Стукнула в сенях дверь, вошли отец с матерью. Мальчик закрыл глаза, и странное чувство, будто он что-то утерял, прорвалось в нем с плачем. Он не мог открыть глаза и плакал, слыша, как родители встревоженно бросились к нему, и что-то спрашивали друг друга о простыне, и смеялись, а он все вздрагивал всем телом от непонятной, невыходящей тревоги.
Надо же, подумал Ронин. Сколько раз пытался пробиться к своему первому воспоминанию – и всегда думал об окне, за которым навсегда застыла сухая ветка яблони. И никогда не вспоминал этого теленочка. А вот стоило совпасть теням, линиям половиц, взгляду… Неужели это был он?
Как похожи воспоминания на фотографии, думал Ронин, растапливая печку. Память дополняется собственным опытом – и от этого никуда не денешься. Вспомнив себя маленьким мальчиком, Ронин только сейчас понял, что его испугало тогда. Исчезновение чувства под белым пятном простыни.

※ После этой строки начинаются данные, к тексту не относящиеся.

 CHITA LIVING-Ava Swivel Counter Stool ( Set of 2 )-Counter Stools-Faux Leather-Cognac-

Огонь в печи почти не шевелился. Казалось, не Ронин смотрел на пламя, а оно наблюдало за неподвижным взглядом человека. Он закрыл дверцу. В тесноте пламя взметнулось и загудело. Ронин улыбнулся. Он понял, что и эту закрытую дверцу печки сравнил с фотографией. Неподвижная и непроницаемая, она закрыла собой внутреннюю жизнь – гудящее и рвущееся вверх пламя.
– У него профессиональная болезнь, – говорила Анна. – Какая-то детская, наивная болезнь. Понимаете, он считает, что фотография не объясняет жизнь, а, наоборот, скрывает ее.

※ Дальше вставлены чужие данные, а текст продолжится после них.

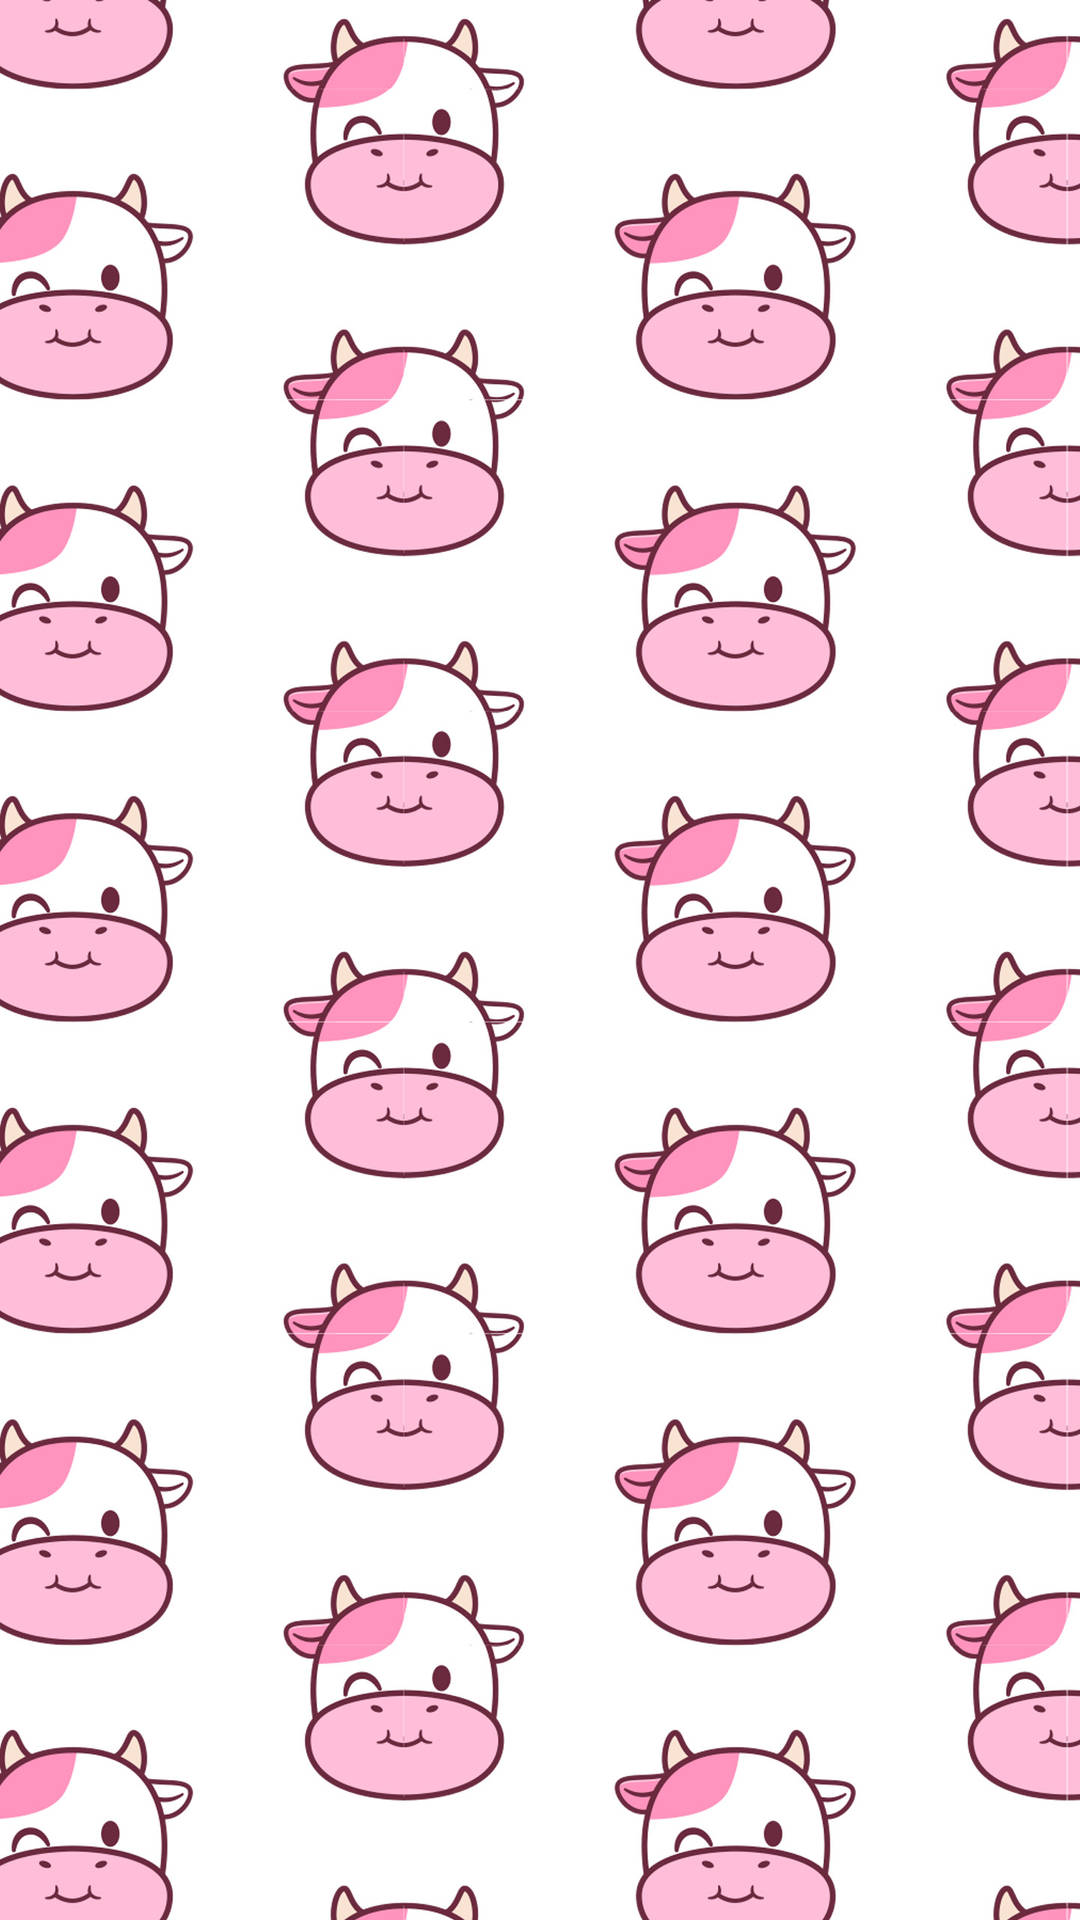 Strawberry Cow Winking Tiled Wallpaper

Анна дотрагивалась до плеча Ронина – чтобы он почувствовал, что она не укоряет его, а защищает.
Они были в гостях – Анна уговорила его пойти на юбилей к дирижеру оркестра, в котором она работала. Ронин с первых минут почувствовал себя уютно среди незнакомых людей, словно на самом деле оказался внутри небольшого оркестра, в котором каждый человек вел свою партию, не мешая другим. Уже была «сыграна» первая, официальная, часть – с поздравлениями, тостами, – и теперь возникали за столом отдельные островки бесед. Одним из таких островков были Ронин, Анна и подсевший к ним хозяин дома. Оказывается, он помнил прошлогоднюю выставку Ронина.
– Я ведь в молодости баловался фотографией. Чуть не сказал – тоже, – улыбнулся дирижер. – Но потом, с годами, начал задумываться. Даже написал статью о фотографии под забавным названием «Повторение непройденного» – в стиле юного журналиста, да? И как пластинку заело, а передвинуть иглу уже не хватило усилий, времени. Когда пластинка заедает, ее лучше выключить, да? Я и выключил. Мне не хватило душевного равновесия, спокойствия. В музыке я его находил, а фотография, наоборот, это спокойствие у меня отнимала.